Evidentemente, as investigações etológicas, bioquímicas, da genética e das neurociências constituem hoje talvez o maior desafio alguma vez lançado a uma concepção verdadeiramente humanista, por causa da tentação de reduzir o humano a uma explicação no quadro exclusivo do zoológico e bioquímico. De qualquer forma, ao ser humano reflexivo impor-se-á sempre a subjectividade própria, pois a ciência objectiva só existe para e a partir do sujeito. Por mais que objective de si, o sujeito humano deparará sempre com o inobjectivável, já que a condição de possibilidade de objectivar é ele mesmo enquanto sujeito irredutível. O Homem enquanto sujeito transcenderá continuamente a explicação das ciências objectivantes. Aliás, sem esta diferença essencial, o Homem não poderia exigir respeito e reconhecimento pela sua dignidade.
Outra característica sua essencial é a busca de sentido. Enquanto os outros animais aparecem praticamente feitos, o Homem nasce prematuro, por fazer, e tem de fazer-se. Daí a pergunta: fazer-se como e para quê, com que meta e objectivo?
Dizemos que algo não tem sentido - uma frase, ou discurso, por exemplo -, quando os seus elementos surgem sem organização, sem fio condutor.
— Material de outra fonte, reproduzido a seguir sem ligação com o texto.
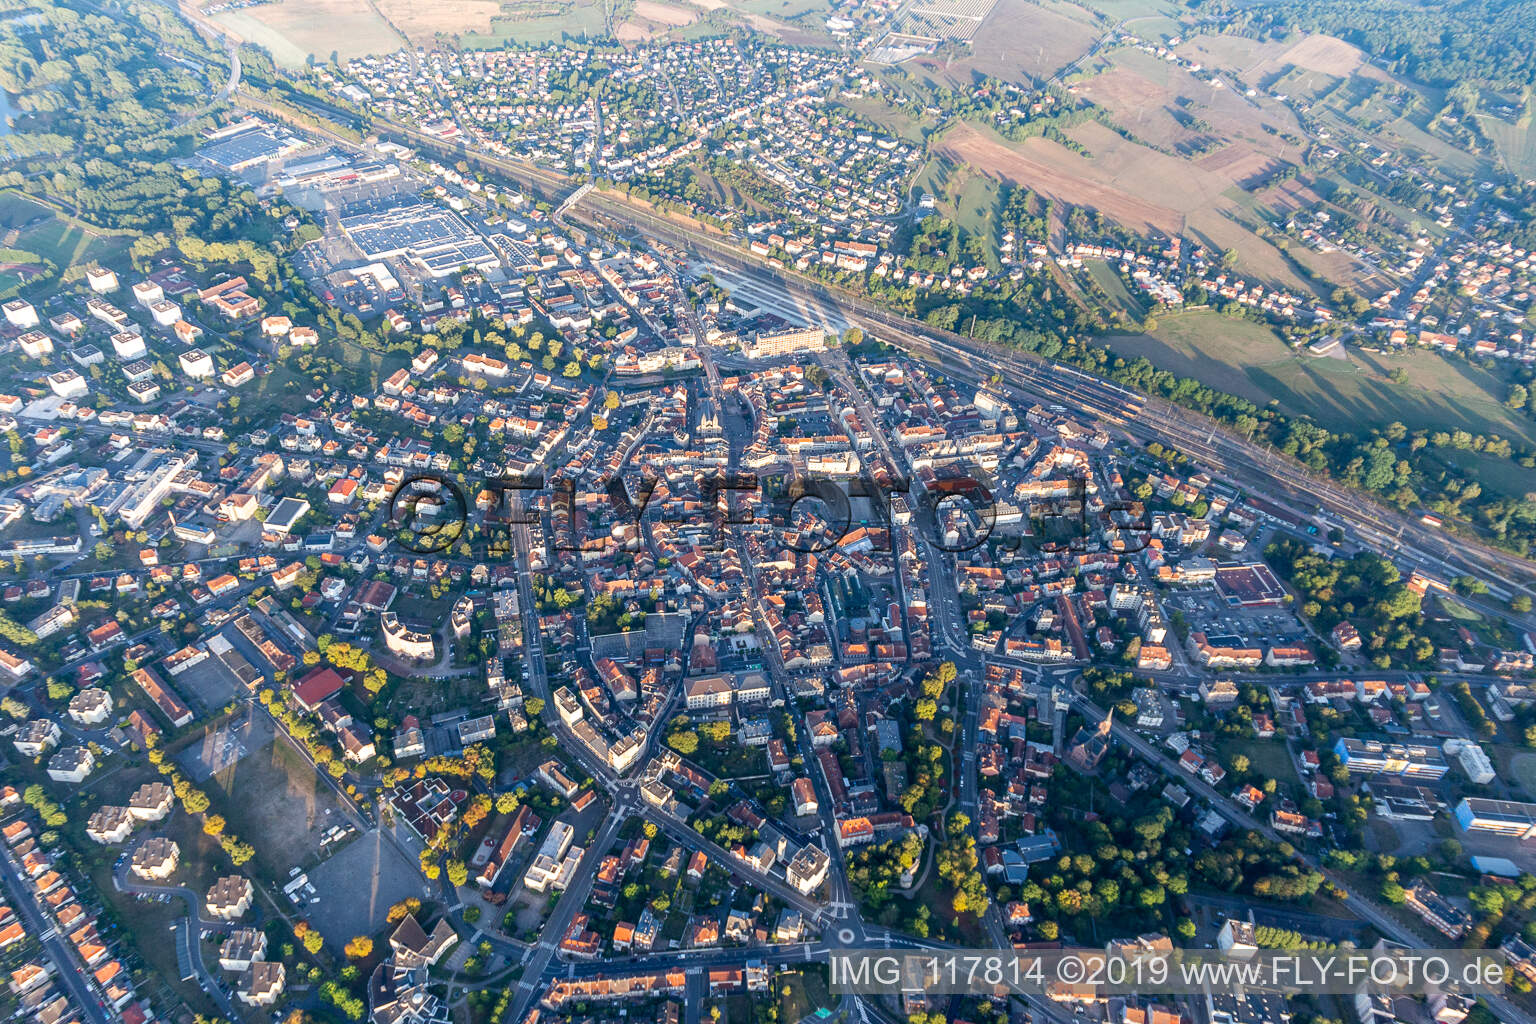 Vue aérienne de Sarrebourg dans le département Moselle, France

O sentido tem, pois, a ver com uma totalidade harmónica, com significado.
Recentemente, os jornais faziam-se eco da preocupação das autoridades inglesas porque uma percentagem elevada de jovens (10%) se queixa do vazio existencial, sentindo a vida como insignificante e não valendo a pena. Investigadores sociais e psiquiatras não têm dúvidas de que o vazio e a frustração existencial são uma das causas maiores dos desequilíbrios do Homem contemporâneo. Não faltam investigações científicas que mostram que a carência de sentido está frequentemente na base da dependência da droga, do alcoolismo, da criminalidade, do suicídio. Outras investigações chegam à mesma conclusão pela positiva: há, por exemplo, conexão entre a prática de uma religião e o sentimento de felicidade e uma vida mais longa. Entre as razões para essa ligação está precisamente o facto de a dimensão espiritual ajudar a fixar um sentido para a existência: quem vive e vê a sua vida integrada numa totalidade com sentido e sentido último resiste mais e melhor também em termos físicos e mentais.
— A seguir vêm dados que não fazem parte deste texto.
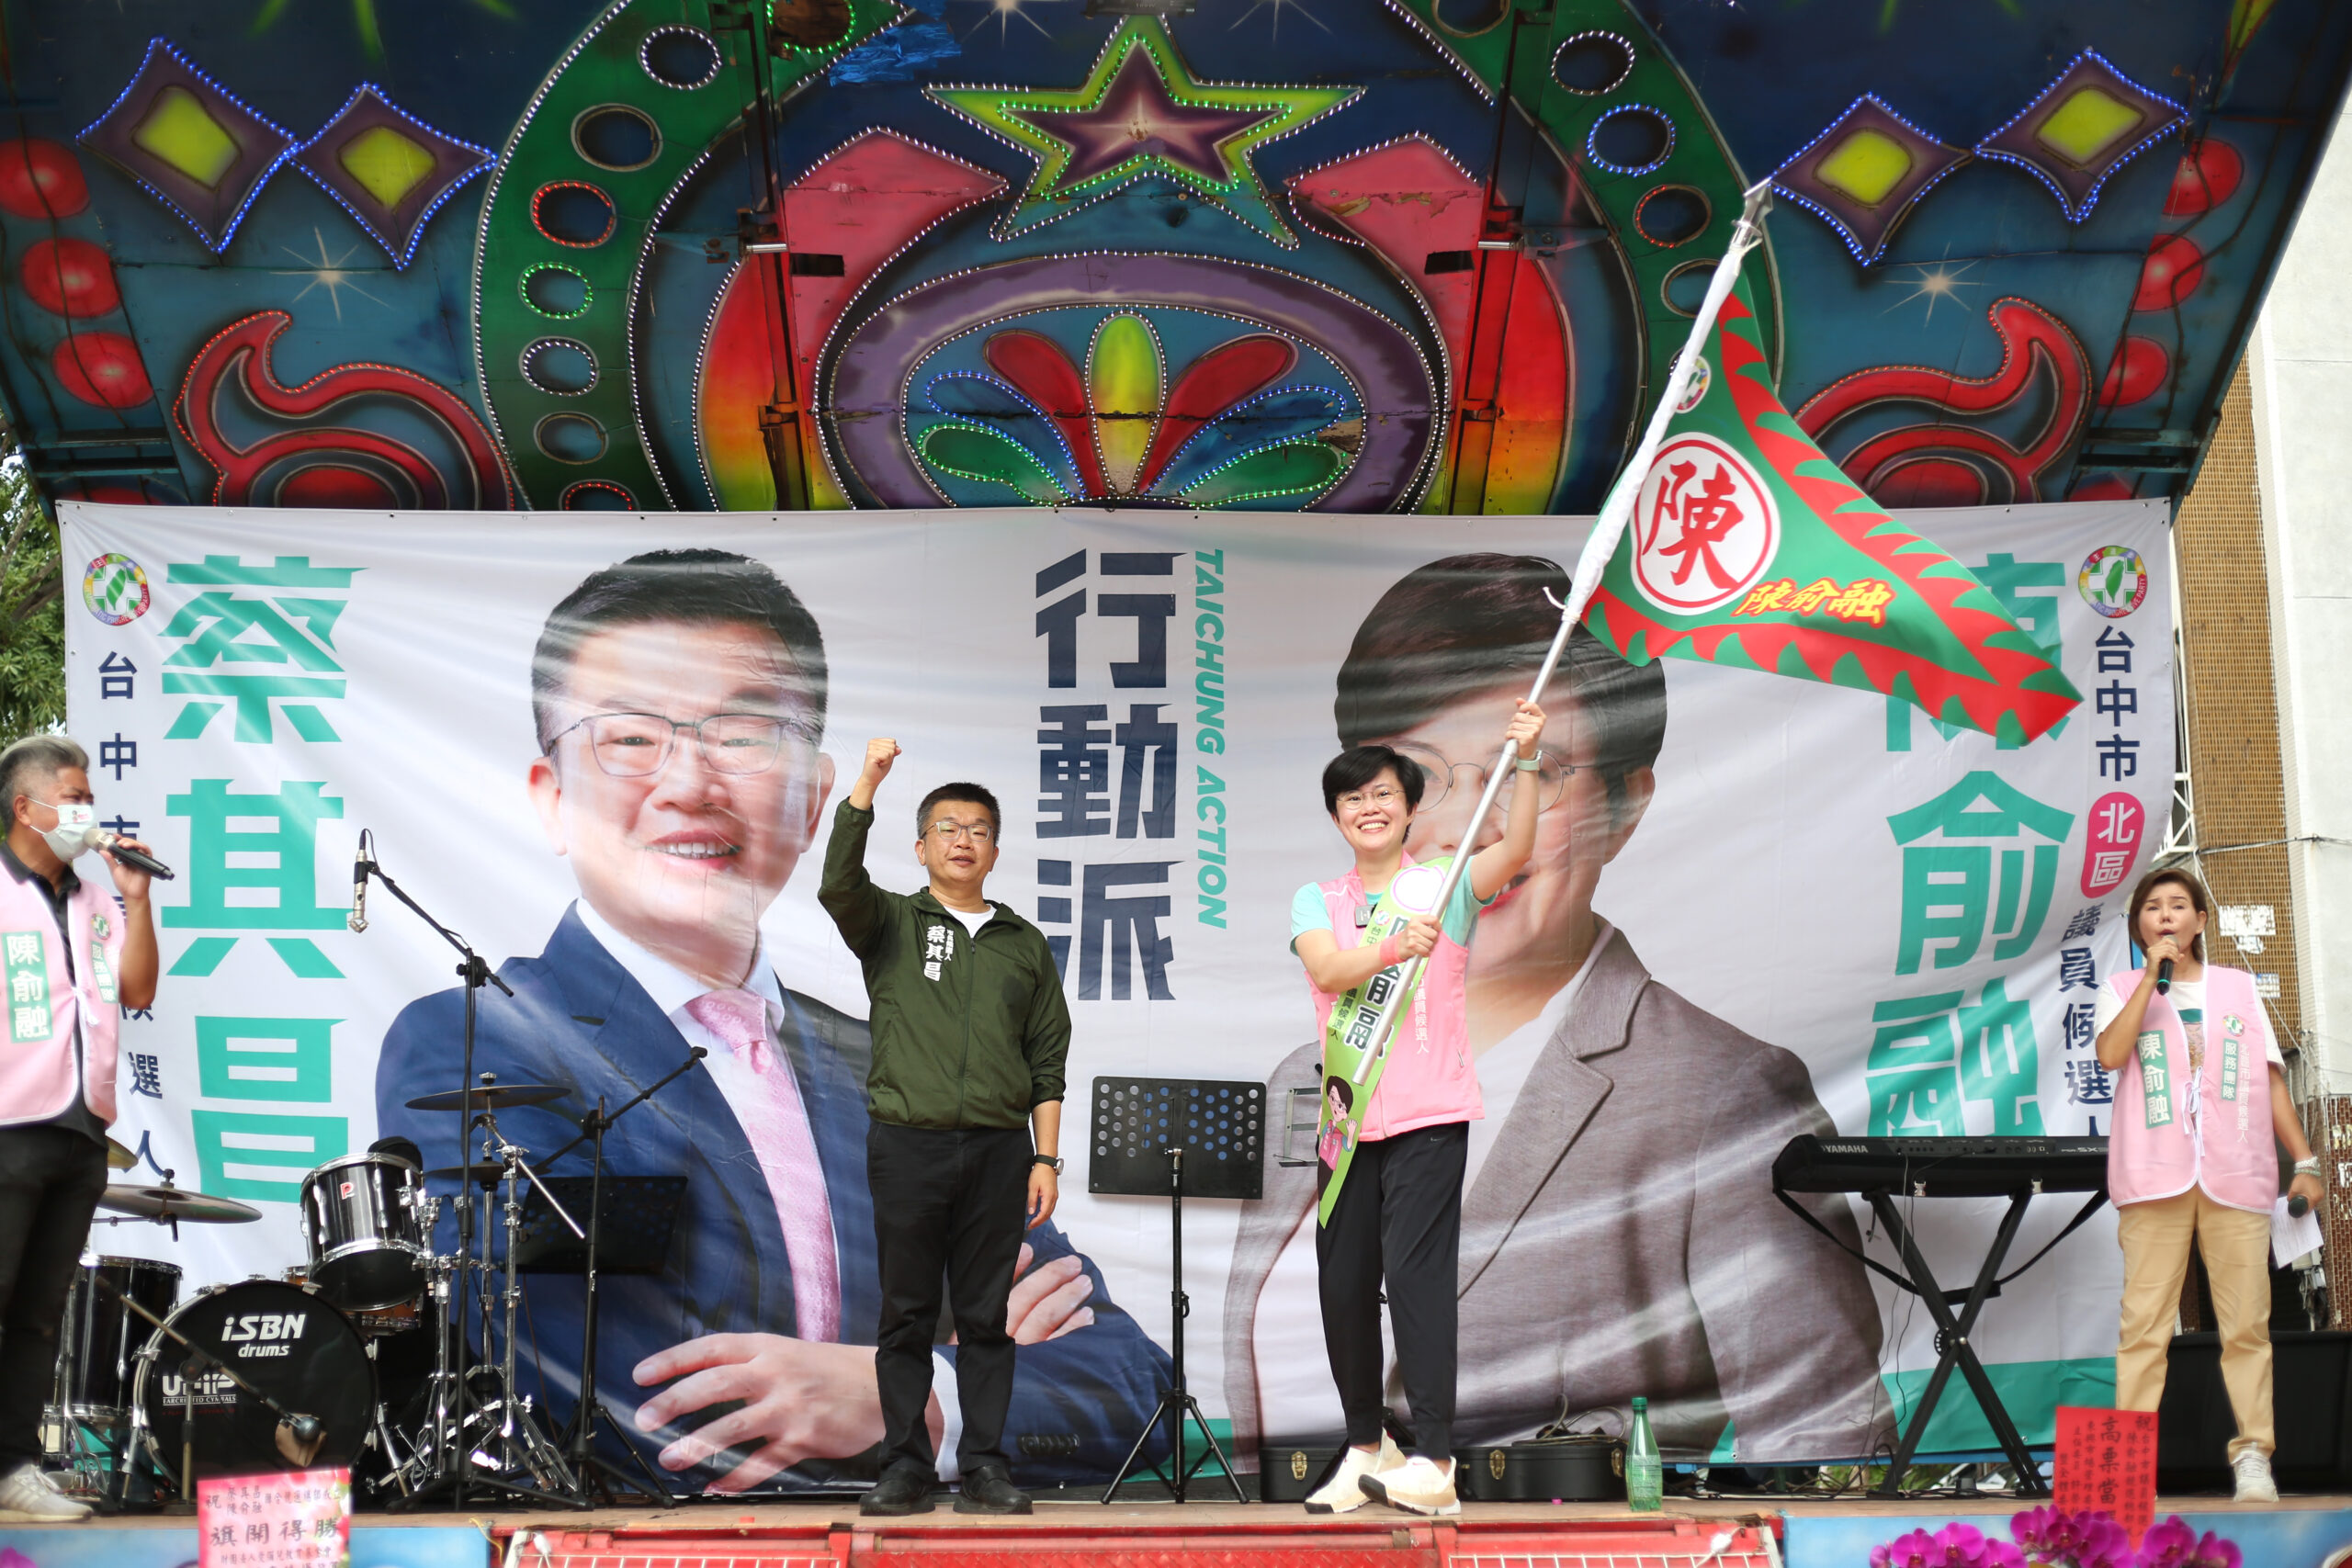 市議員候選人陳俞融成立競選總部 承諾帶給北區建設新的活力與視角

O Homem é por natureza o ser da transcendência: nunca se contenta com o dado e está sempre para lá de si e de toda a meta alcançada. Vive inclusivamente um desnível insuperável entre o que faz e realiza e a aspiração inesgotável a realizar-se sempre mais. Vai, portanto, caminhando de sentido em sentido, mas só encontraria satisfação total no Bem Sumo enquanto sentido de todos os sentidos, isto é, o sentido último e global. Aí está a razão por que não pode deixar de pôr a questão de Deus, independentemente da resposta que lhe dê, pois ela é intrínseca ao dinamismo do ser Homem.